Auf der Seite des Arbeitgebers steht das ihm gemäß § 106 GewO zustehende Direktionsrecht. Dies ist das Recht, dem Arbeitnehmer gegenüber Weisungen erteilen zu können. Geschützt wird dieses Recht nach Art. 12 GG, wonach die unternehmerische Betätigungsfreiheit des Arbeitgebers gewährleistet wird. Allerdings darf der Arbeitgeber sein Direktionsrecht nach § 315 BGB, § 106 GewO nur nach billigen Ermessen ausüben. Seine Grenze findet das Direktionsrecht daher mitunter in der Glaubens- und Bekenntnisfreiheit gemäß Art. 4 Abs. 1 GG sowie der Gewährleistung der ungestörten Religionsausübung nach Art. 4 Abs. 2 GG. Im Rahmen der Interessenabwägung ist daher unter Berücksichtigung der Gesamtumstände zu prüfen, ob und in wie weit das von der Berufsausübungsfreiheit gedeckte Direktionsrecht des Arbeitgebers von der Glaubens- und Religionsfreiheit des Arbeitnehmers eingeschränkt werden kann.
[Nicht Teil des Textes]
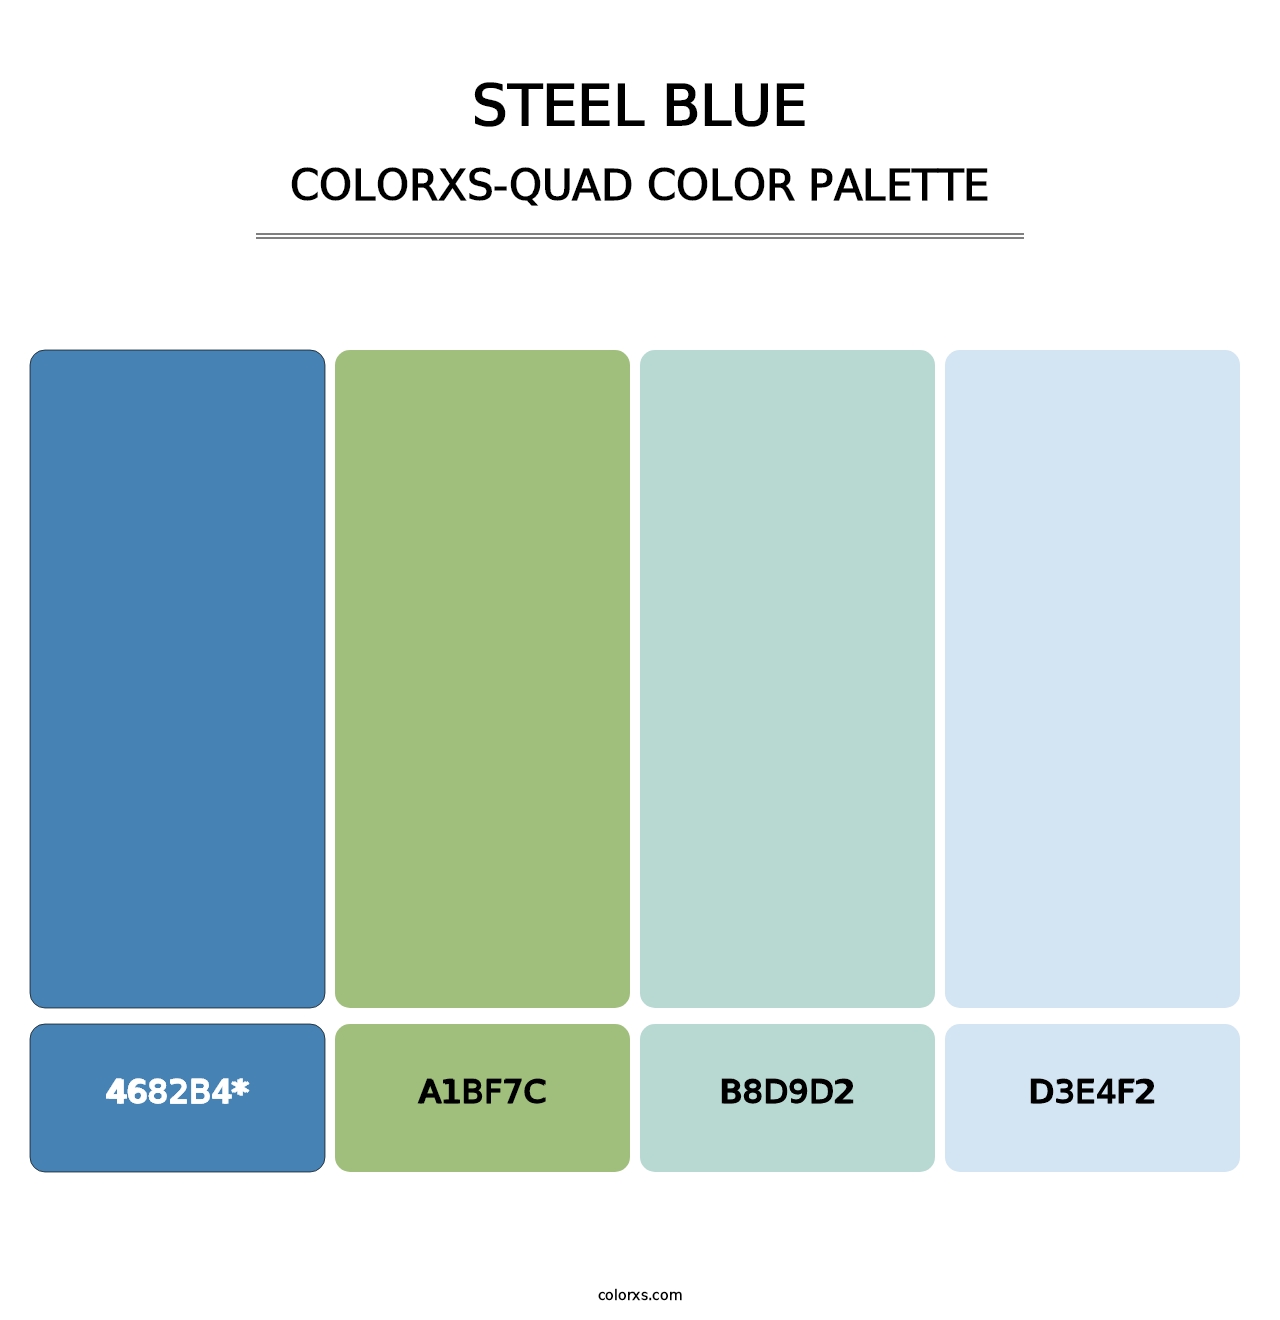 Steel Blue - Colorxs Quad Palette

Hierzu hat das Bundesarbeitsgericht festgestellt, dass der Arbeitgeber vom Arbeitnehmer grundsätzlich die Erledigung derjenigen Aufgaben verlangen kann, zu deren Erfüllung sich dieser vertraglich verpflichtet hat (BAG, 24.02.2011 – 2 AZR 636/09). Weigert sich der Arbeitnehmer, ihm übertragene Aufgaben zu erfüllen, kann eine Kündigung durch den Arbeitnehmer unter Umständen gerechtfertigt sein. Dies soll grundsätzlich auch für den Fall gelten, dass sich der Arbeitnehmer in Bezug auf seine Arbeitsverweigerung auf religiöse Gründe beruft. Sofern aber der Arbeitnehmer den Arbeitgeber darüber informiert, worin genau die religiösen Gründe liegen und er darüber hinaus darlegt, welche Tätigkeiten er aus diesen Gründen nicht ausüben kann, muss ihm der Arbeitgeber eine andere Tätigkeit zuweisen, welche sich mit der Ausübung seiner Religion in Einklang bringen lässt. Diese Verpflichtung des Arbeitgebers besteht allerdings nur für den Fall, dass eine anderweitige Möglichkeit der vertragsgemäßen Beschäftigung innerhalb der betrieblichen Organisation überhaupt besteht.

In dem genannten Fall klagte ein Arbeitnehmer der in einem Einzelhandelsmarkt als Ladenhilfe angestellt war. Ihm hatte der Arbeitgeber gekündigt, weil er sich aus religiösen Gründen weigerte, in der Getränkeabteilung, in der er auch mit alkoholische Getränken umgehen musste, zu arbeiten. Das BAG verwies die Sache zurück an das Landesarbeitsgericht, weil dieses noch nicht abschließend geklärt hatte, welche Tätigkeiten dem Arbeitnehmer aufgrund seiner religiösen Behauptung verboten seien. Daher könne auch die Frage, ob der Arbeitgeber dem Arbeitnehmer als milderes Mittel als die Kündigung eine andere Arbeit hätte zuweisen können, nicht abschließend beantwortet werden.

In einem anderen Verfahren musste sich das Bundesarbeitsgericht mit der Frage auseinandersetzen, ob der Arbeitgeber einer als Verkäuferin in einem Warenhaus angestellten Arbeitnehmerin untersagen kann, während der Arbeitszeit aus religiösen Gründen ein Kopftuch zu tragen (vgl. BAG, 10.10.2002 – 2 AZR 472/01). Es entschied, dass das Direktionsrecht des Arbeitgebers in diesem Fall durch das Recht der freien Religionsfreiheit eingeschränkt werden kann. Die Verkäuferin dürfe das Kopftuch aus religiösen Gründe auch während der Arbeitszeit tragen, weil der Arbeitgeber nicht konkret darlegen konnte, dass es zu wirtschaftlichen Einbußen oder sonstigen betrieblichen Störungen führt, wenn die Arbeitnehmerin während der Arbeitszeit ein Kopftuch trägt. Die gegen die verhaltensbedingte Kündigung des Arbeitgebers gerichtete Kündigungsschutzklage hatte daher Erfolg.

Handlungsfeld für den Betriebsrat

Die Verantwortung des Betriebsrates in solchen Fällen beginnt aber nicht erst in dem Zeitpunkt, in dem er von einer Abmahnung erfährt oder zu einer Kündigung gemäß § 102 BetrVG Stellung beziehen soll.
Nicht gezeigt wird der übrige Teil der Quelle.